Неожиданно для себя я сам захихикал.
– Ну верил, ну и что?
Постепенно смех наш перерос в гомерический хохот. Я изображал, как беззаботно несу полотно под мышкой к выходу, как все смотрят на меня. Потом мы вместе представили, как мог бы выглядеть судебный процесс по моему делу («Подсудимый, встаньте! – сказал бы седой, похожий на бульдога, судья. – Вы признаете, что пытались украсть собственную картину?» «Признаю, ваша честь! – гордо сказал бы я. – И считаю, что, запрещая мне воровать мои личные вещи, вы ограничиваете мою свободу!»). От смеха у меня болела диафрагма, глаза слезились, но мы продолжали валять дурака, держась друг за друга, чтобы не упасть, и повторяя: «… украсть!… пытался!… свободу!…».

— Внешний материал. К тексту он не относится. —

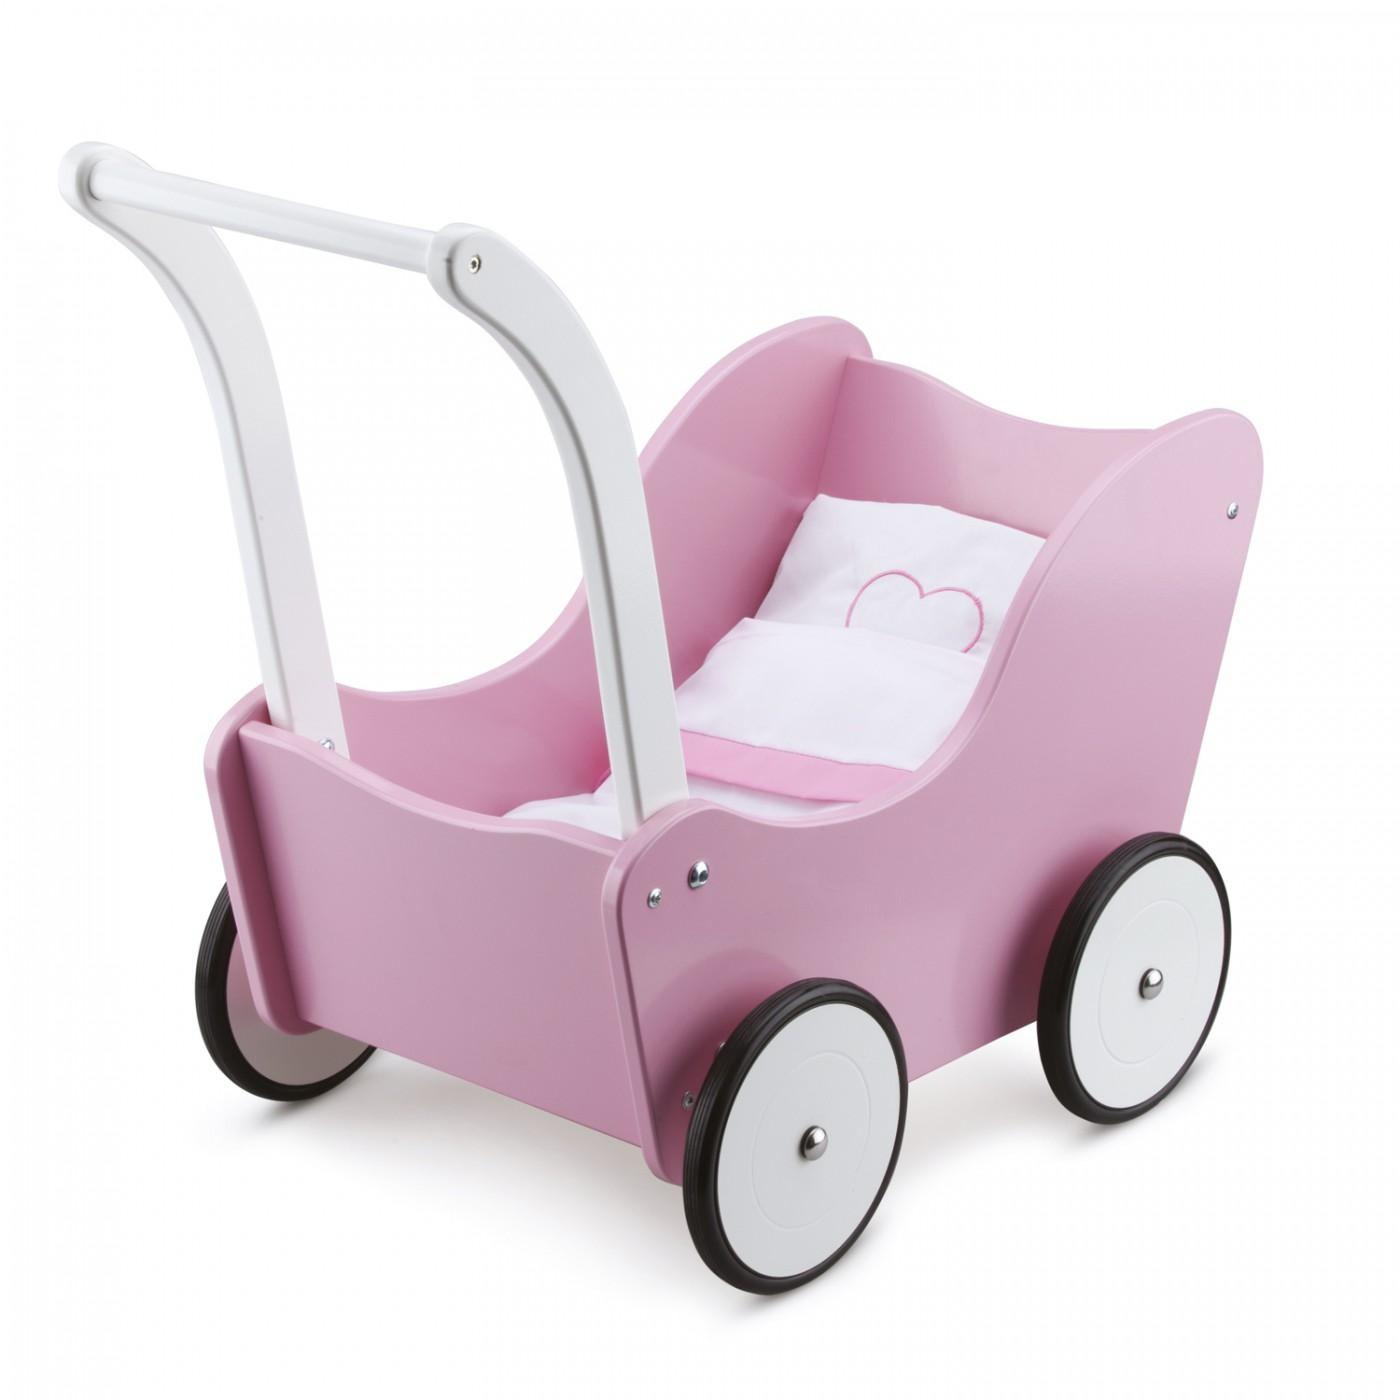 Puppenwagen-PINK-inklusive Bettgarnitur

Когда кафкианская фантазия закончилась, я вытер слезы и внимательно посмотрел на Марину.
– Что? – спросила она. – Тушь потекла, да?
Я хотел ответить, но, – вместо этого, – поцеловал ее. И бутылка покатилась вниз по ступенькам, звеня, разливая вино.
Гроза закончилась, улица пахла дождевыми червями. Мы шагали по брусчатке (я слушал тонкий цокот ее каблучков). Говорили долго, с удовольствием, о всякой чепухе только для того, чтобы заполнить паузы.
– Тебе не кажется странным, что уже целую неделю льет дождь?
– Нет. Вот если бы с неба падали лягушки – это было бы странно. А дождь… осенью дождь – это нормально.
Она ткнула меня локтем в бок.
– Ладно-ладно, молчу, – сказал я, потирая ребра.
– Всегда хотела спросить, давно ты носишь очки?
– С детства.
– Долго привыкал?
– Да нет. А чего к ним привыкать? Нацепил на нос – и вперед.
– А вот я долго стеснялась. Мою подругу за очки дразнили «куриной слепотой», и я боялась, что надо мной тоже будут смеяться. Поэтому и ношу линзы.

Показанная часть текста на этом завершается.